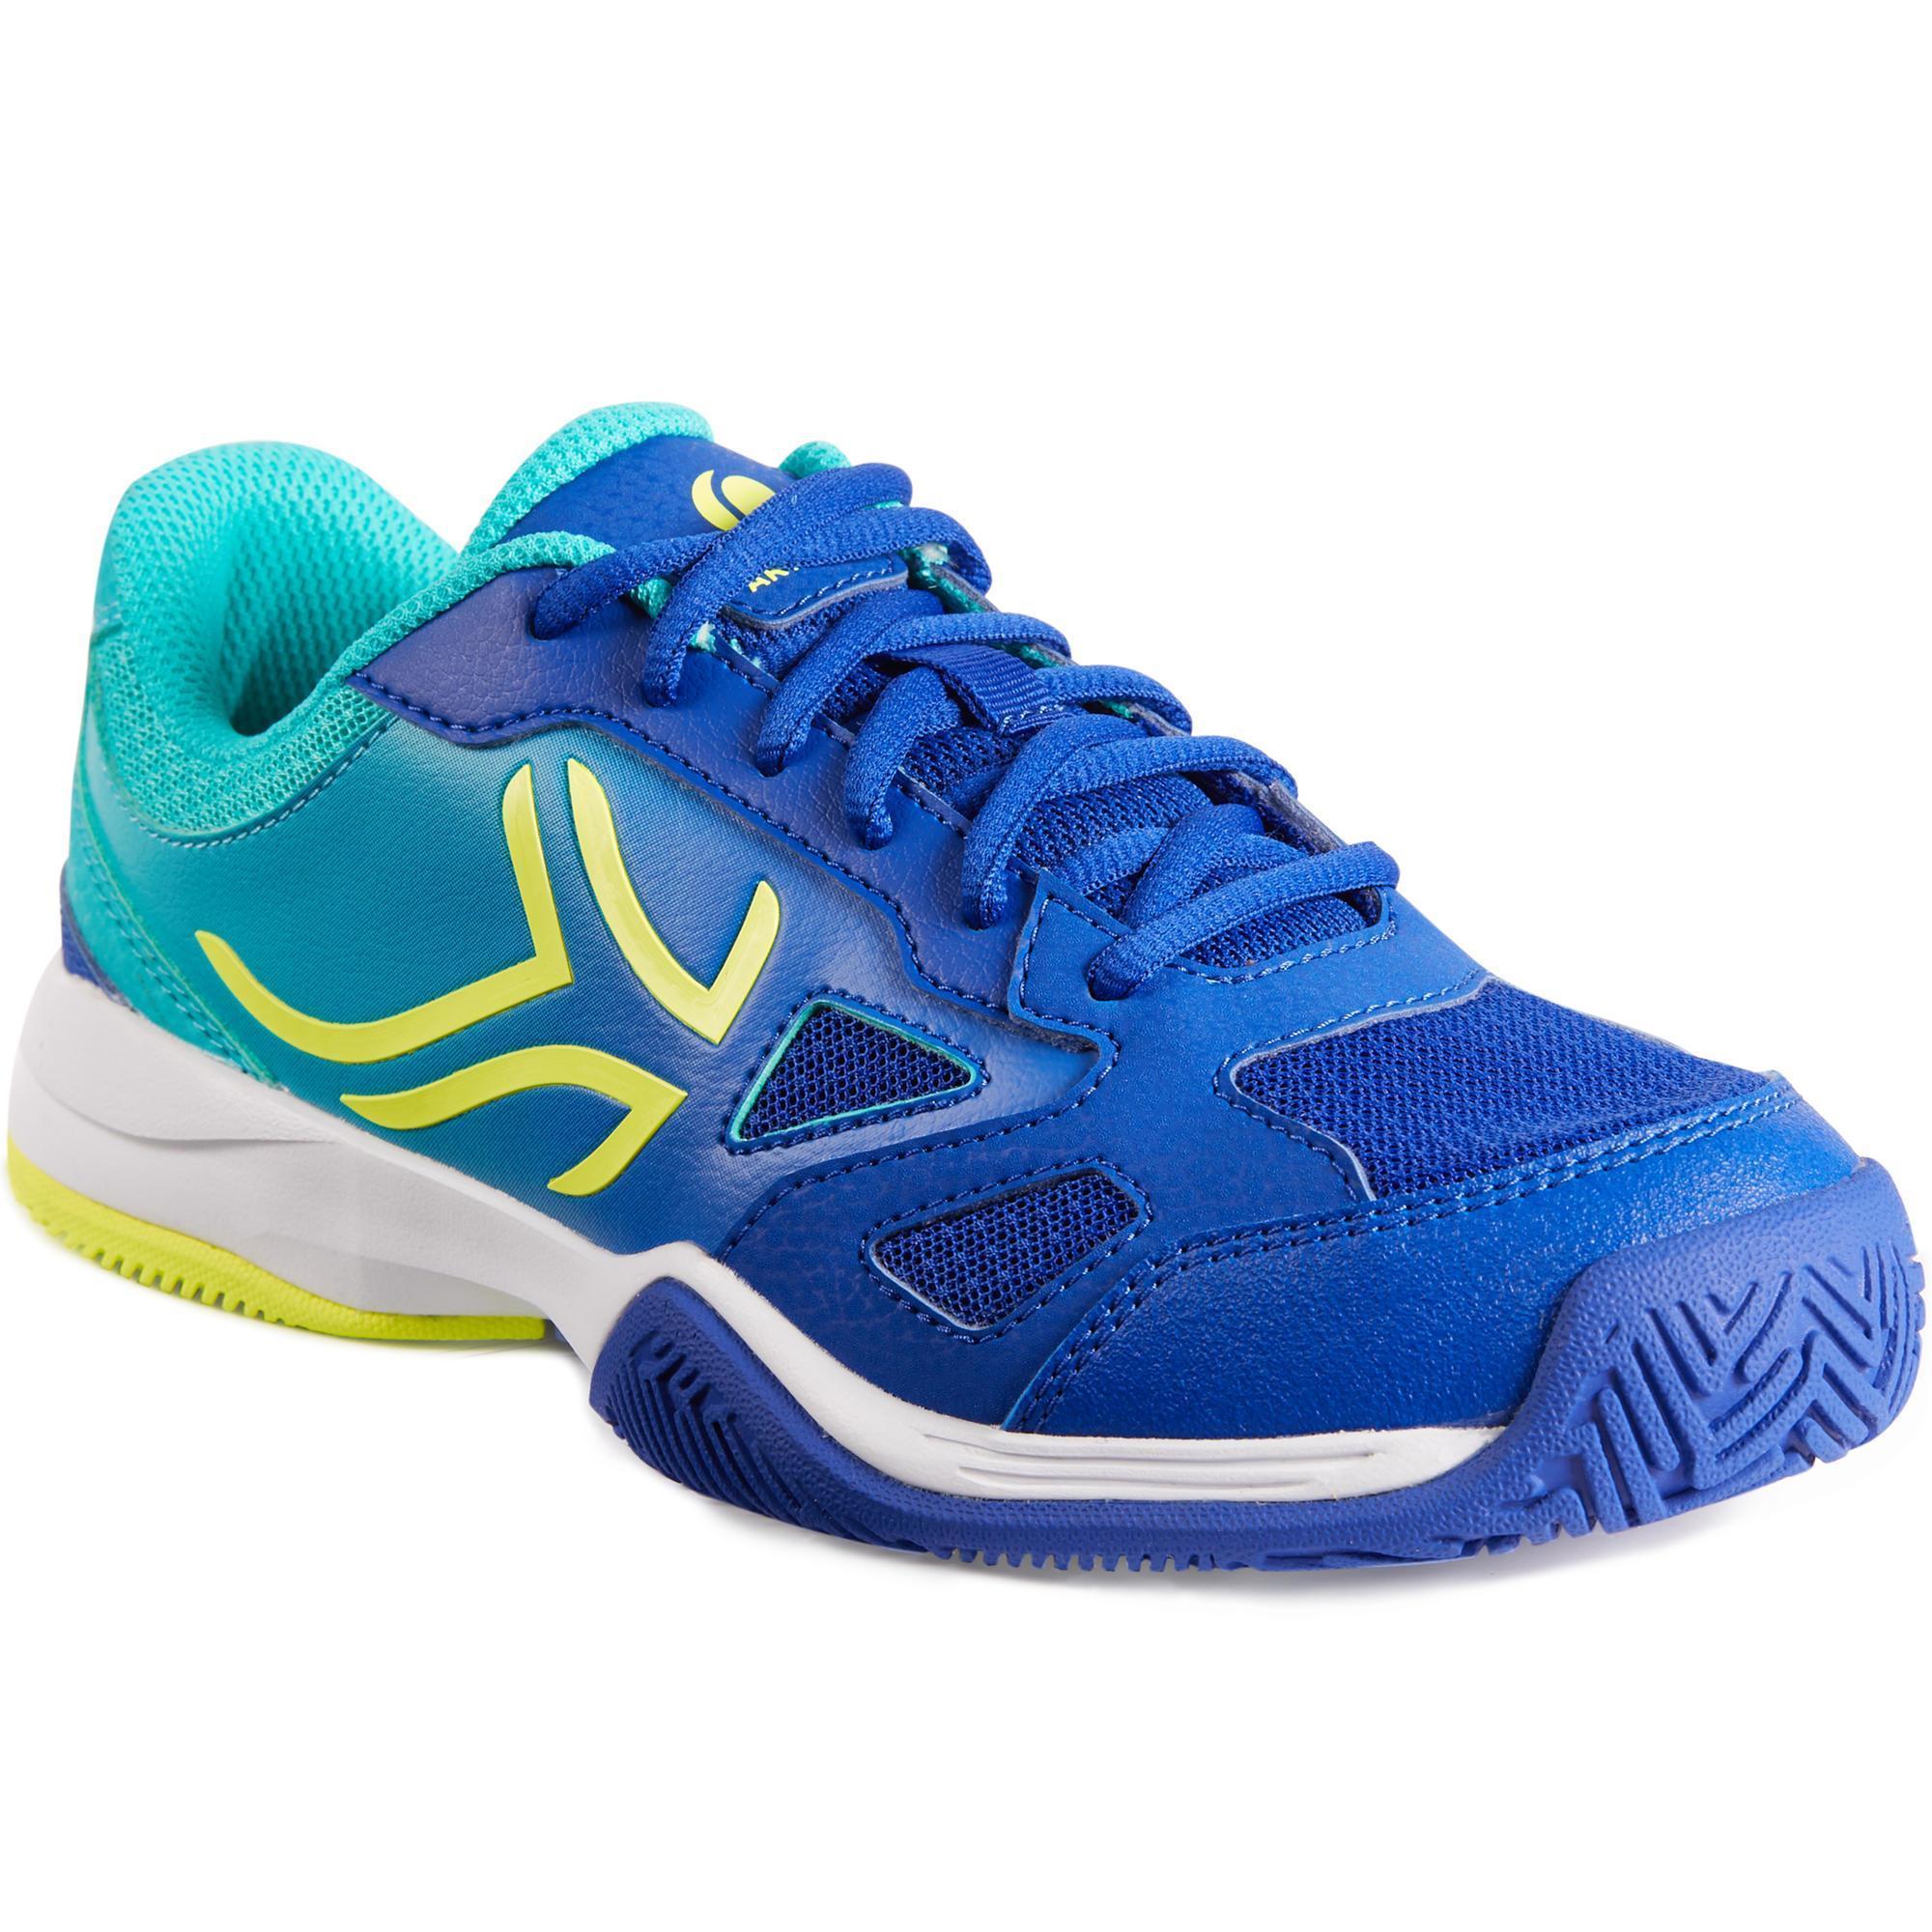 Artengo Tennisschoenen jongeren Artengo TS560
---
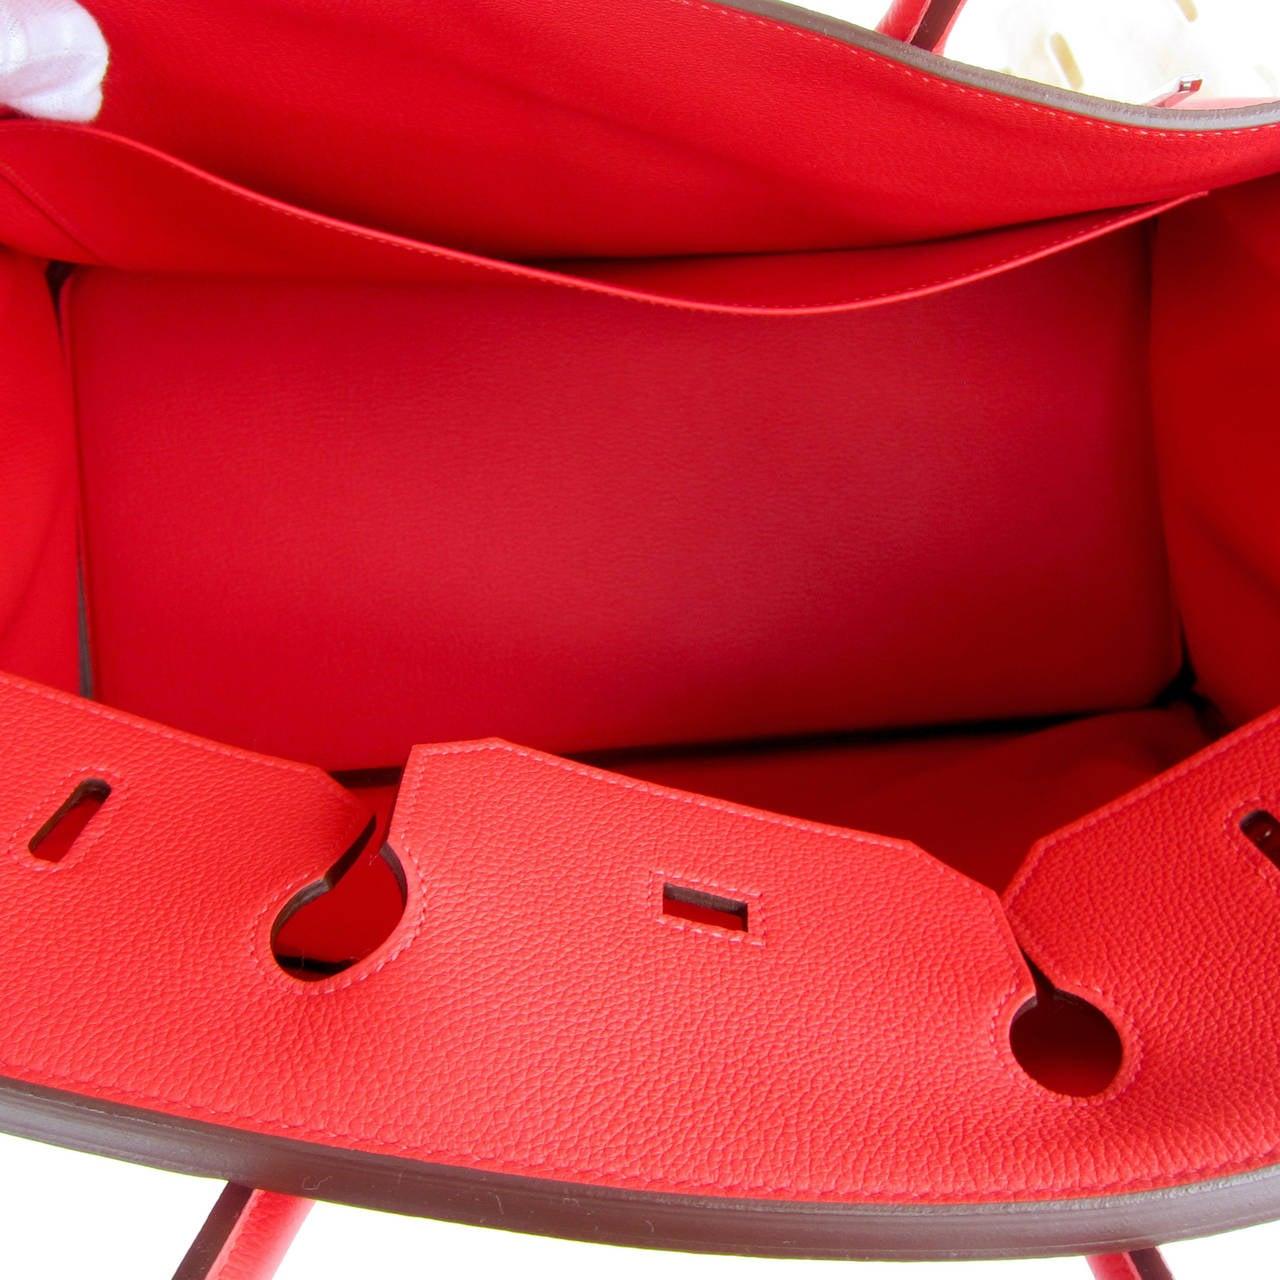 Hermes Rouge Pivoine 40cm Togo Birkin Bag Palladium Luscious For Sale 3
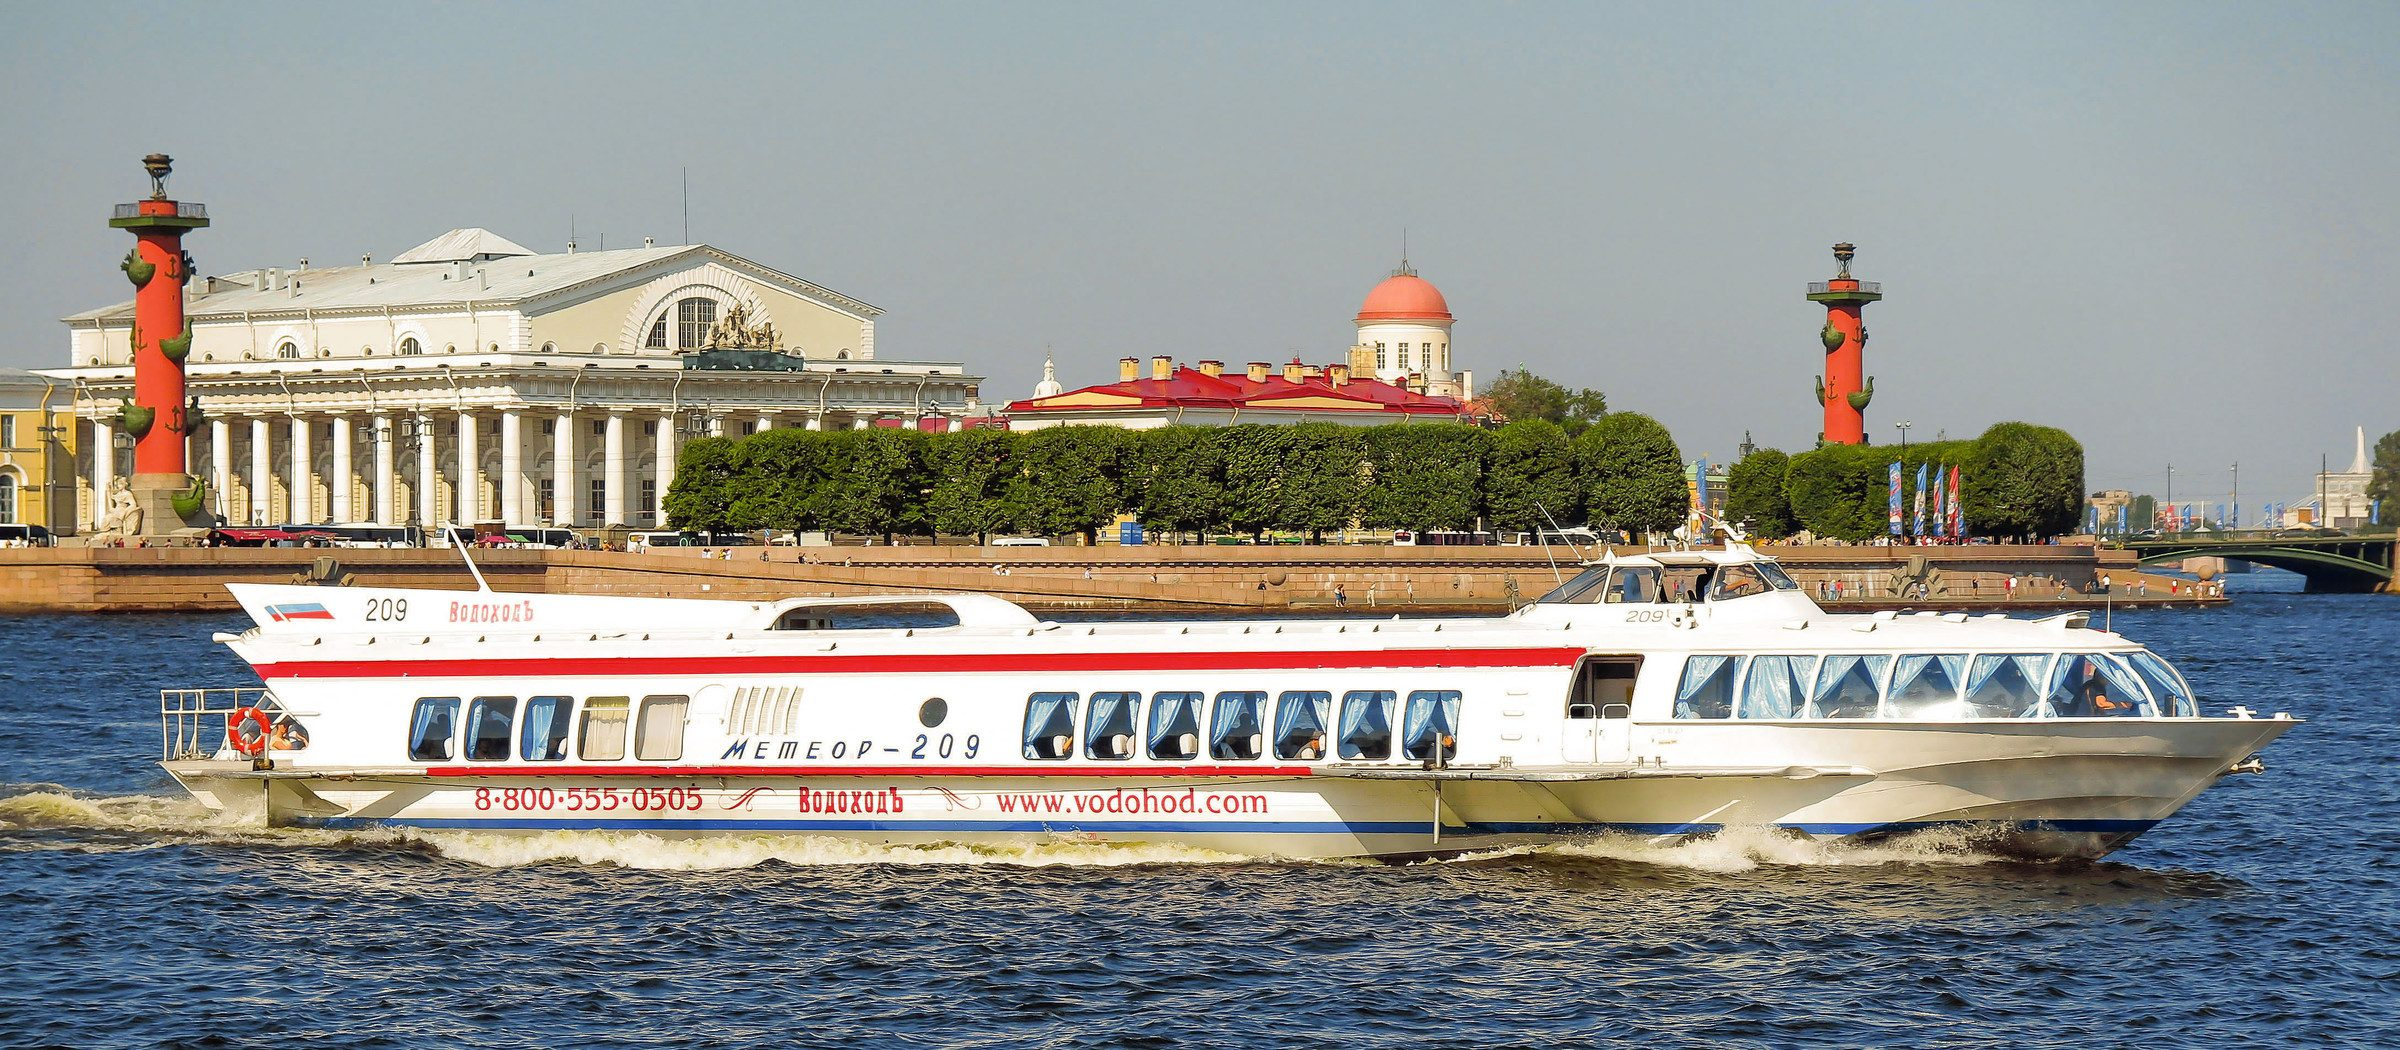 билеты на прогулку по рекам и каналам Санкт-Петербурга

:: YOUR GOAL ::
Within the listing above, write out the stretch from the line with "Hermes Rouge Pivoine" through the line with "билеты на прогулку" exactly. Any pictures are to be left out.

:: EXERCISE ANSWER ::
 Hermes Rouge Pivoine 40cm Togo Birkin Bag Palladium Luscious For Sale 3
 билеты на прогулку по рекам и каналам Санкт-Петербурга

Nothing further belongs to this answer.